## Data extract
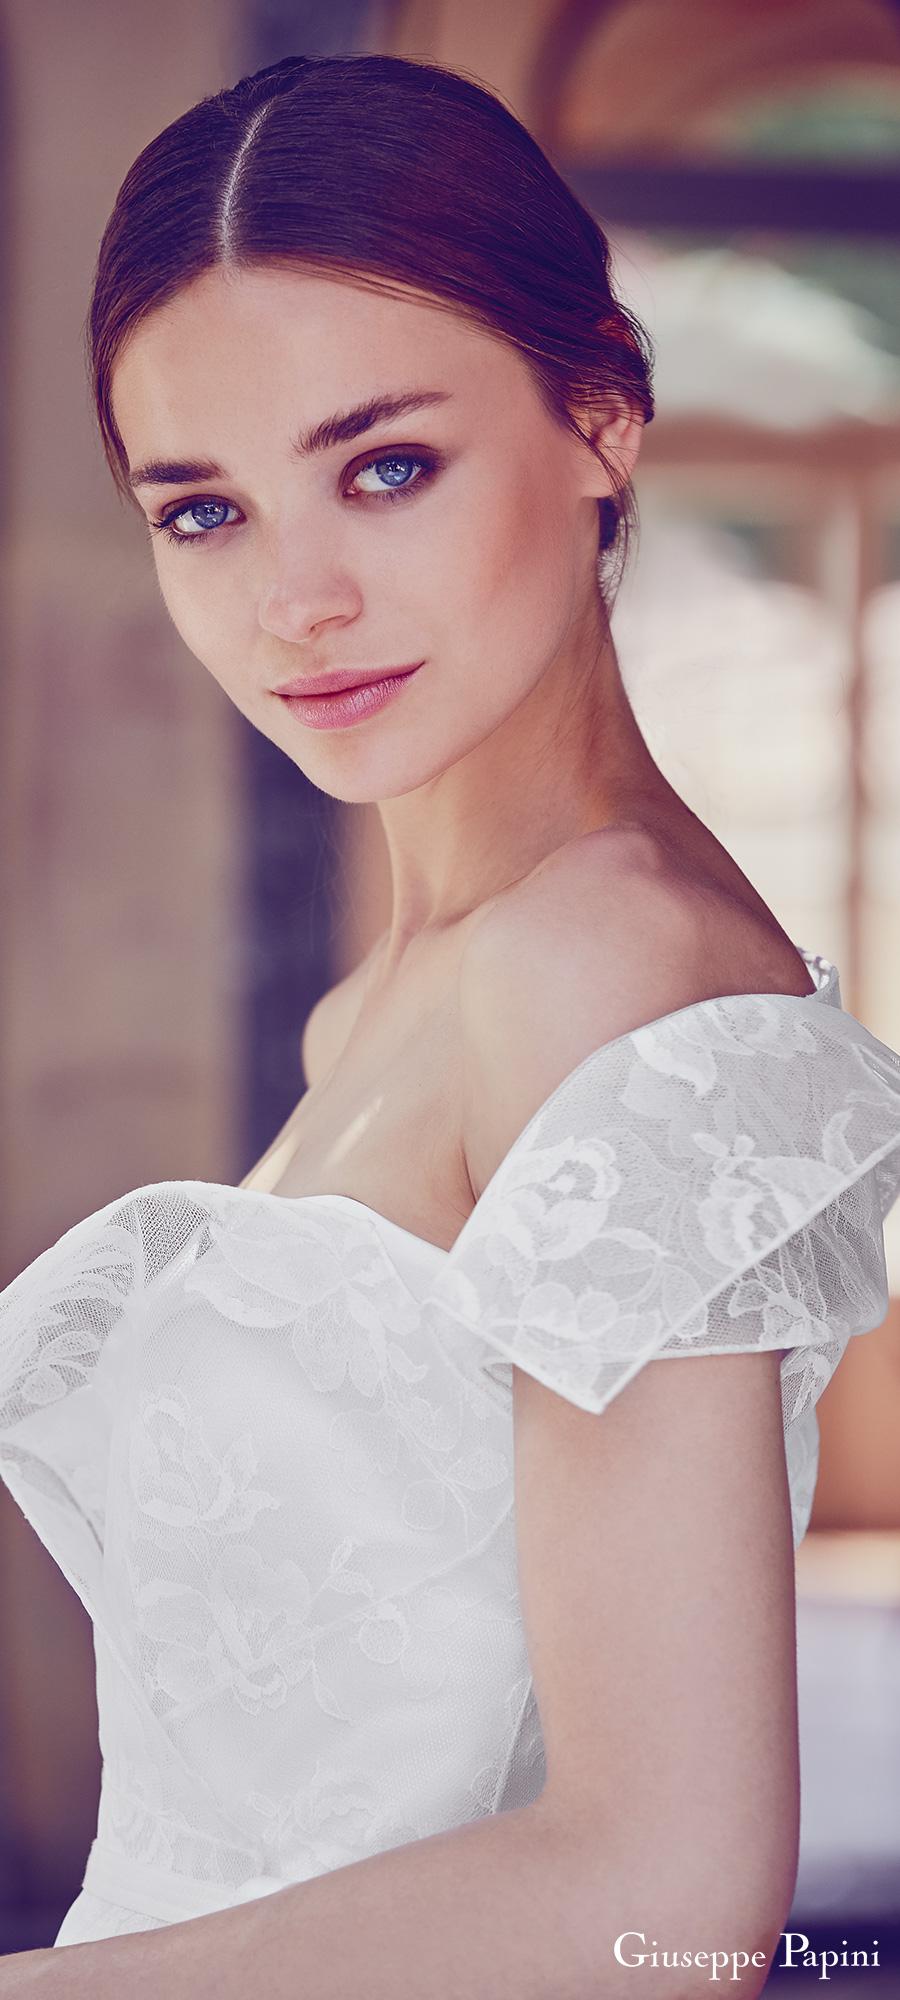 giuseppe papini 2017 (como) short sleeve sweetheart crochet lace wedding dress zv
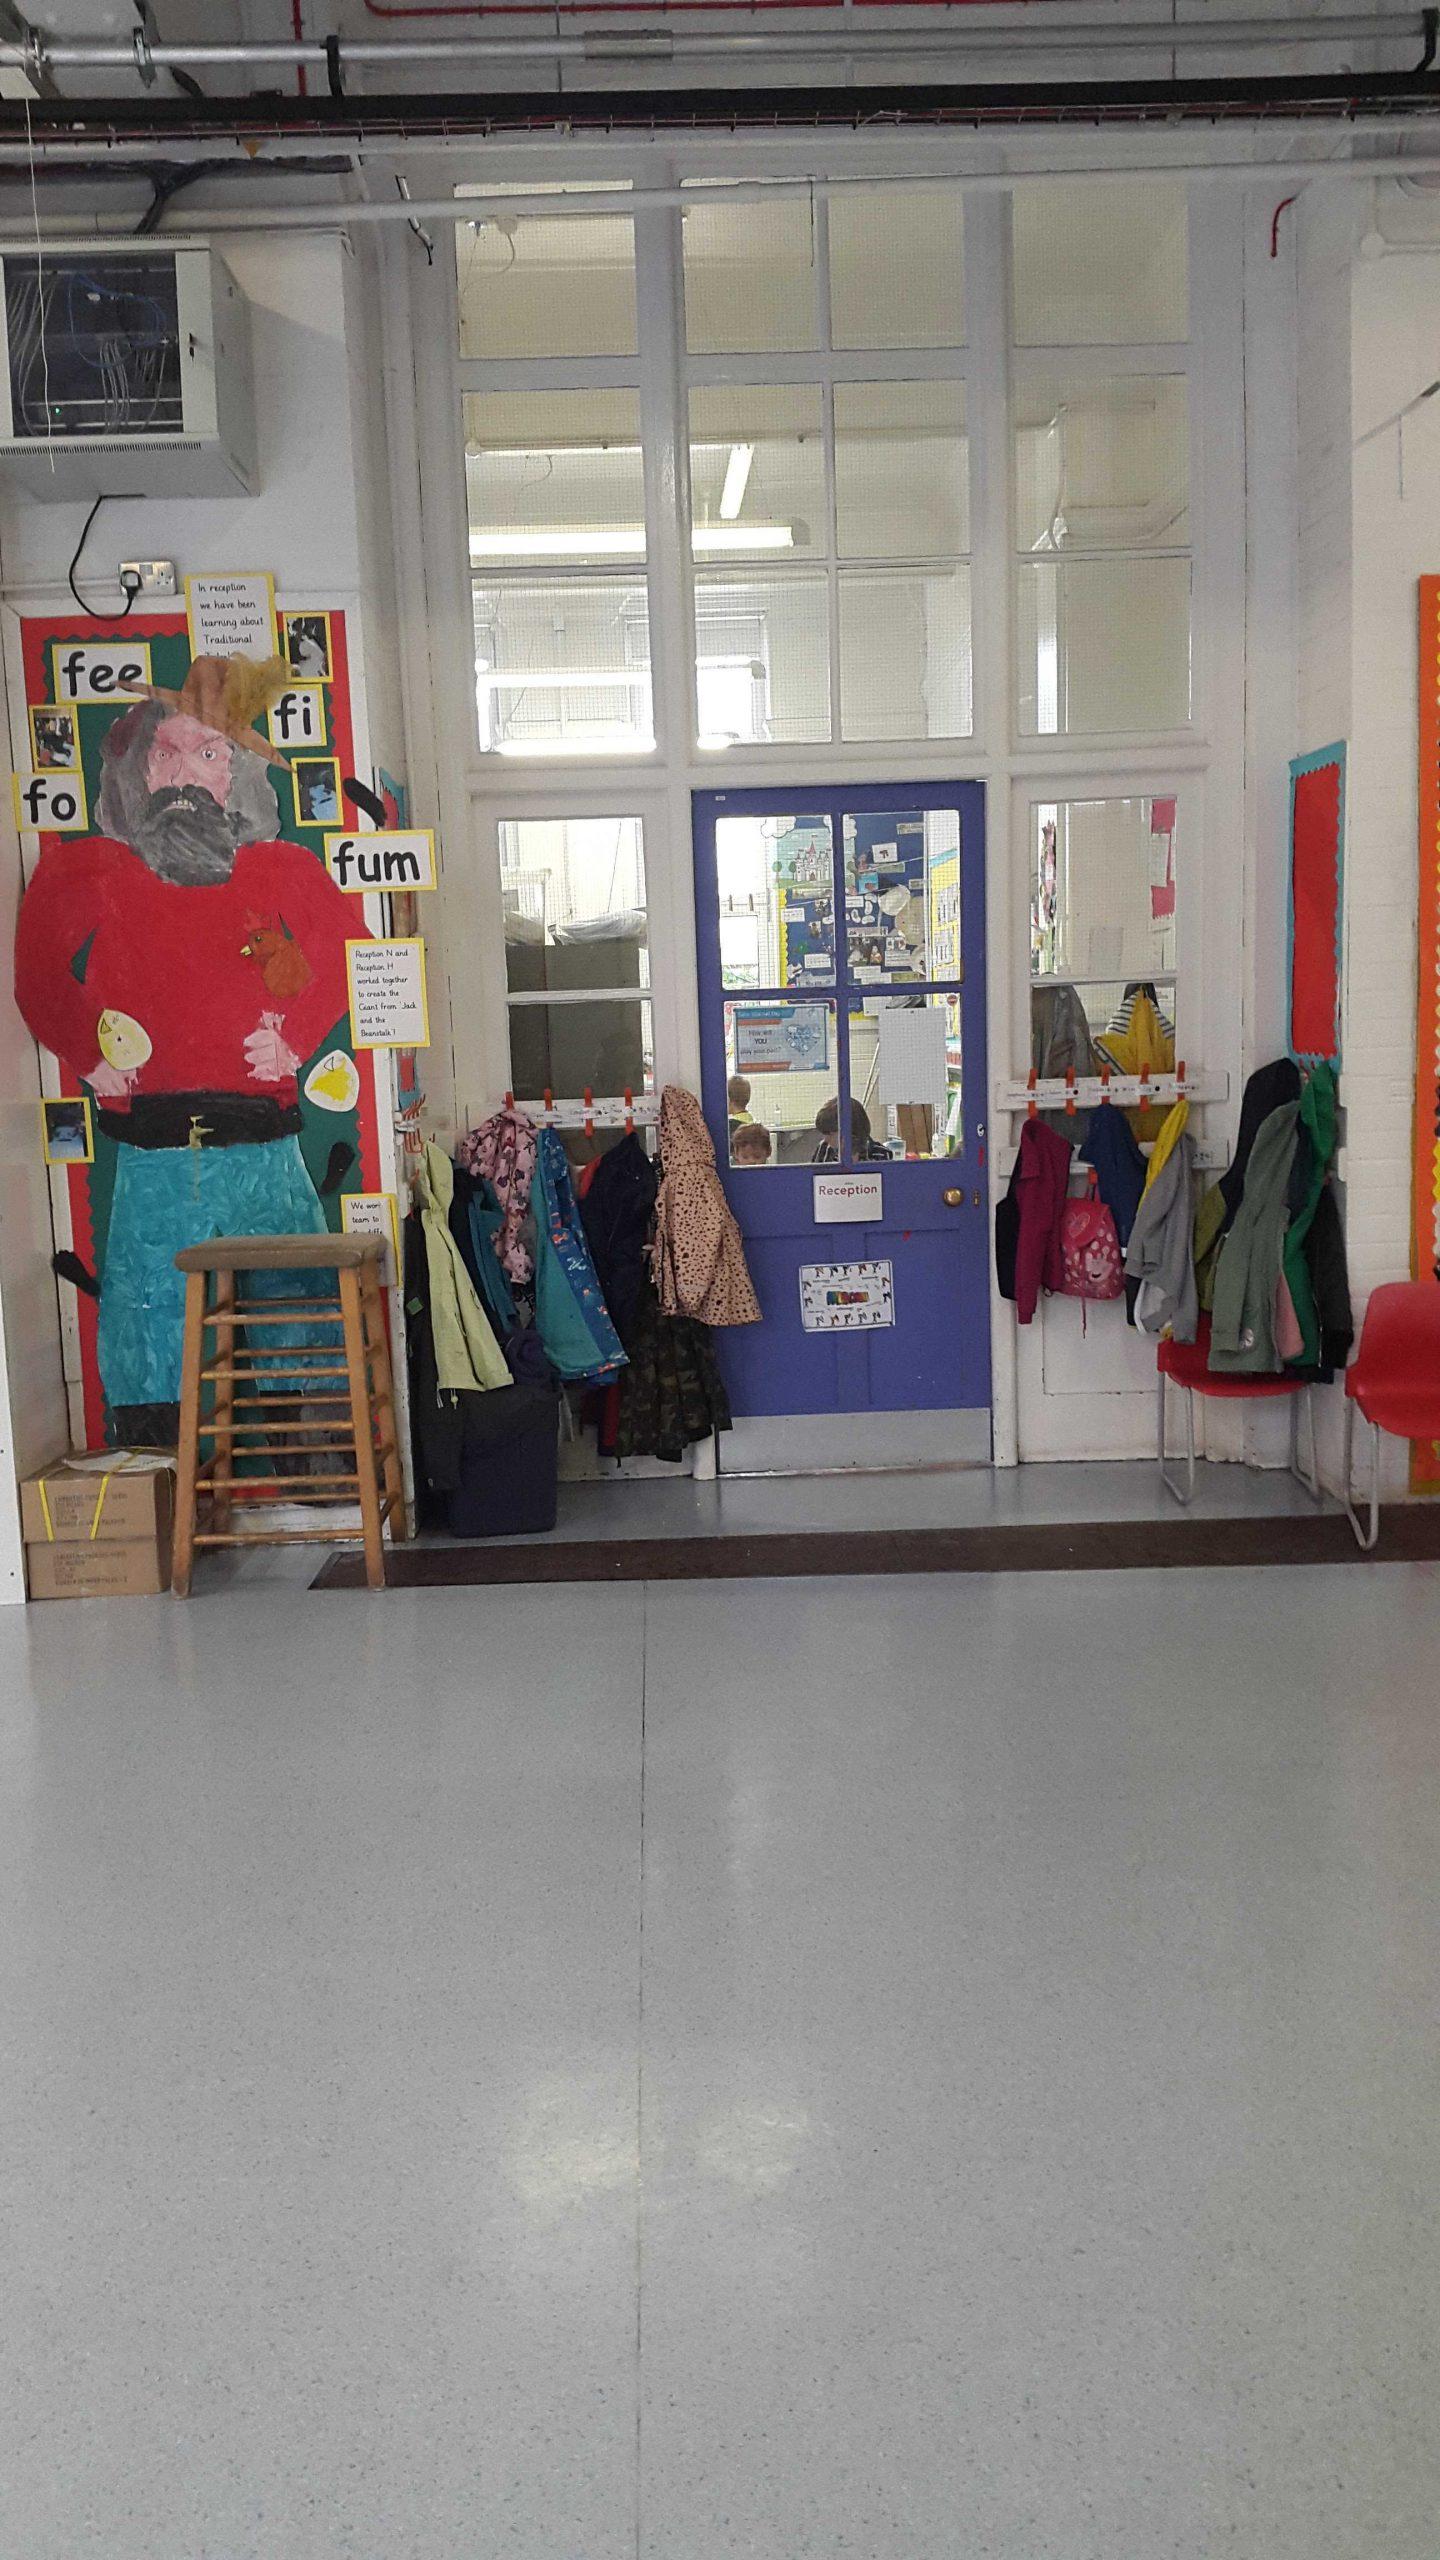 Our big adoption friendly / attachment aware school choice gamble.
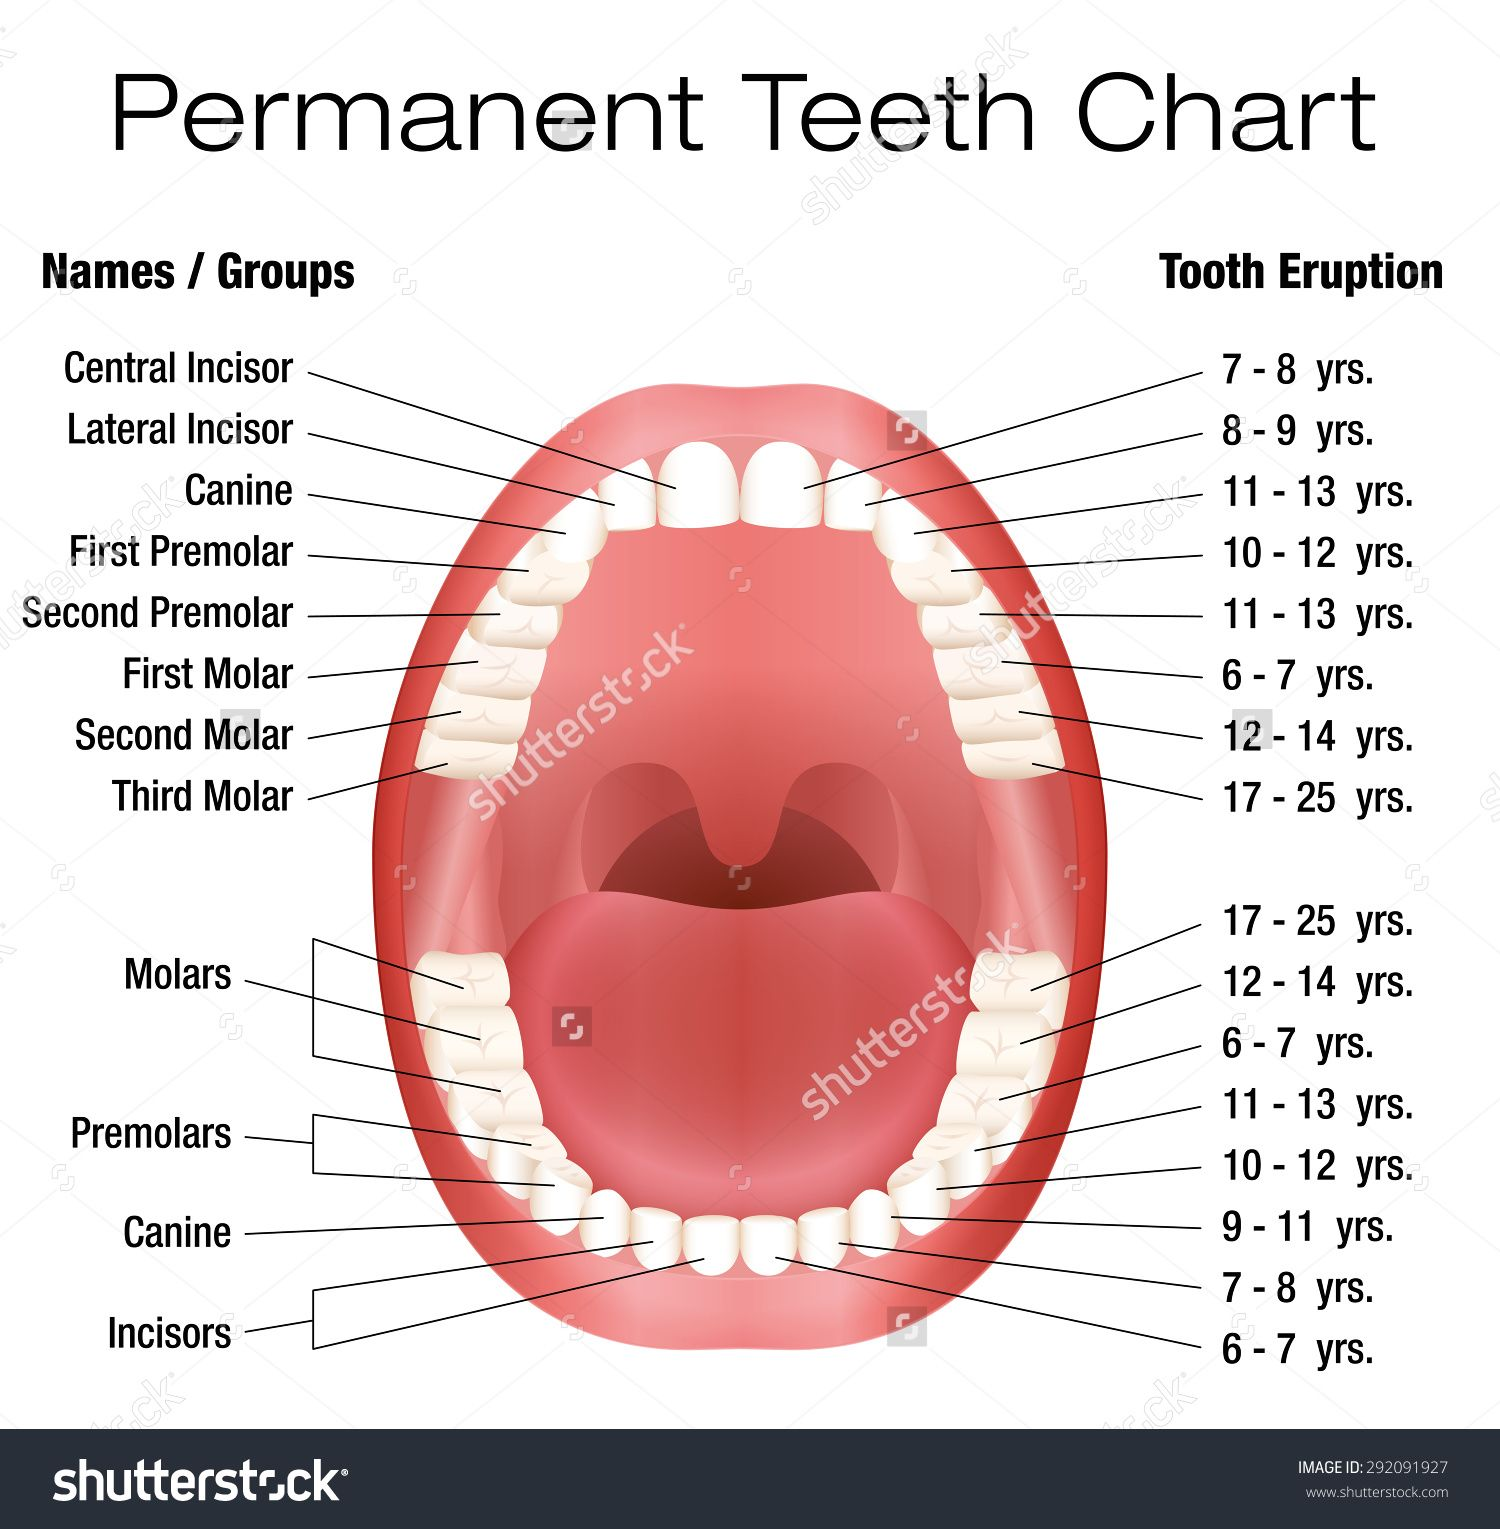 teeth eruption chart teeth images human teeth body organs tooth diagram [ 1500 x 1529 Pixel ]

## Required work
Could you copy the listing exactly, leaving out any pictures?

## Written response
 giuseppe papini 2017 (como) short sleeve sweetheart crochet lace wedding dress zv
 Our big adoption friendly / attachment aware school choice gamble.
 teeth eruption chart teeth images human teeth body organs tooth diagram [ 1500 x 1529 Pixel ]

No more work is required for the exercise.